Risk is an important element in any acquisition. It relates to the rate of return that a buyer expects in a transaction. The more risk a buyer sees in a transaction, the higher the rate of return. Buyers with an eye to their rate of return should recoup their investment in a shorter period of time to protect themselves from perceived risk.


Retention Vs. a Guaranteed Deal


Many buyers will buy a book of business or an agency only on a retention basis. This is unrealistic in many situations because the seller expects the buyer to assume some level of risk in the transaction. The retention of a book of business will depend to a significant degree on the competence of the acquiring agency. If the acquiring agency does not assign appropriately trained individuals to help service that book of business, it is unlikely that the retention ratio will be high, regardless of the client relationships the seller may have developed.


When structuring an acquisition, the buyer should focus on mechanisms for rectifying future uncertainties rather than on totally protecting him- or herself. First, the buyer should determine what those uncertainties or contingencies are, the possible nonrenewal of key accounts, the possible loss of markets due to loss of ratio or volume considerations, or misrepresentations made by the seller.


In addition to downside considerations, the seller might not want to lose the value associated with prospective new business that will be closed in the near term. Sellers are sometimes unrealistic with regard to non-owned books of business. One cannot expect to be paid for books of business that are not owned. Ultimately, the buyer will have to buy the subproduced book of business by negotiating with the subproducer, effectively buying that book of business twice.


Right of Offset


Some of the things to consider when dealing with future negative development include the right to offset against notes outstanding, and the value of lost business (whether due to competitive situations, or lack of markets). Misrepresentations made by the seller should be dealt with, too.


Adjustable Servicing Compensation


If the commission volume realized after the sale is considerably less than presented, the seller's compensation can be adjusted by use of a sliding compensation scale built into the seller's employment contract.


The ability to adjust seller servicing compensation should not be overlooked.

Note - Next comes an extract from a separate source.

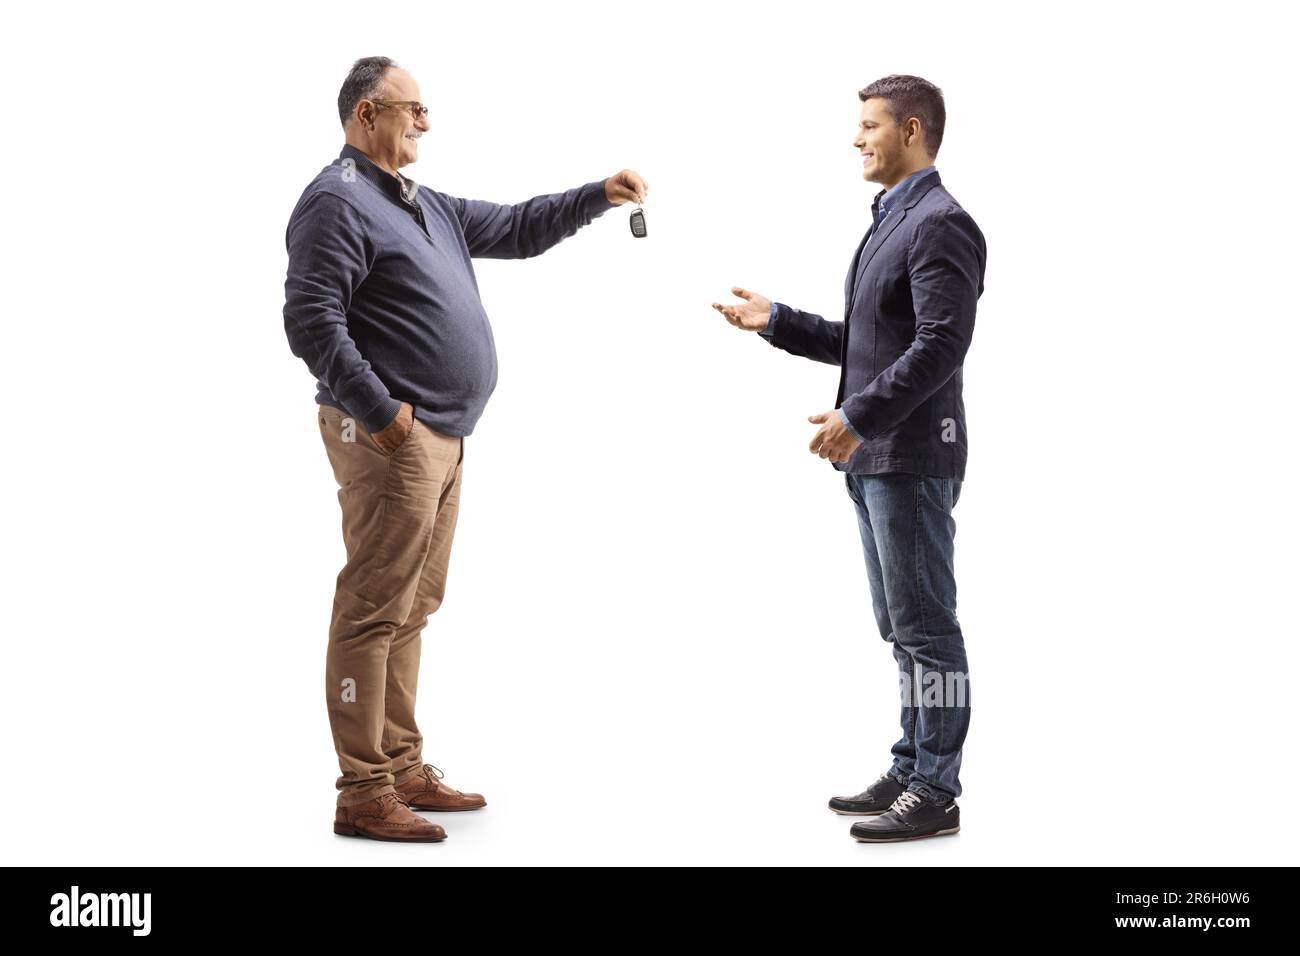 Mature man handing car keys to a younger man isolated on white background Stock Photo

In many cases, the compensation level is a significant continuing expenditure to the buyer and can easily look excessive if the serviced book of business experiences significant attrition.


Again, the ability to adjust is important if the total acquisition package was constructed around a specific amount of gross commission income to be realized after the sale. However, in assessing the amount of gross commission income expected, the purchaser must recognize the normal attrition associated with the sale of a book of business and of the reaction of key clients who are loyal to the seller only while he or she continues to own the business.


Post-Closing Adjustments


A useful mechanism for dealing with positive and negative development is a post-closing adjustment, which should be spelled out in the purchase agreement. It allows the transaction to be adjusted financially for a specified period before the closing of the transaction, because of increases or decreases in the book of business.


The typical period for a post-closing adjustment or look back is one year. This lets the book go through a full renewal cycle, in which time questionable accounts are likely to be lost and prospective accounts can be courted and closed by the seller.


To conclude, the purchase of an agency is a business decision. In making a business decision, the principals should expect to assume some level of risk. If one's goal is to be successful in the acquisition process, trying to eliminate risk completely is unrealistic; besides, any competitors out there are usually willing to assume risk.


By using some adjustment mechanisms and accepting some risk, agency purchasers will have a higher degree of success in the acquisition process.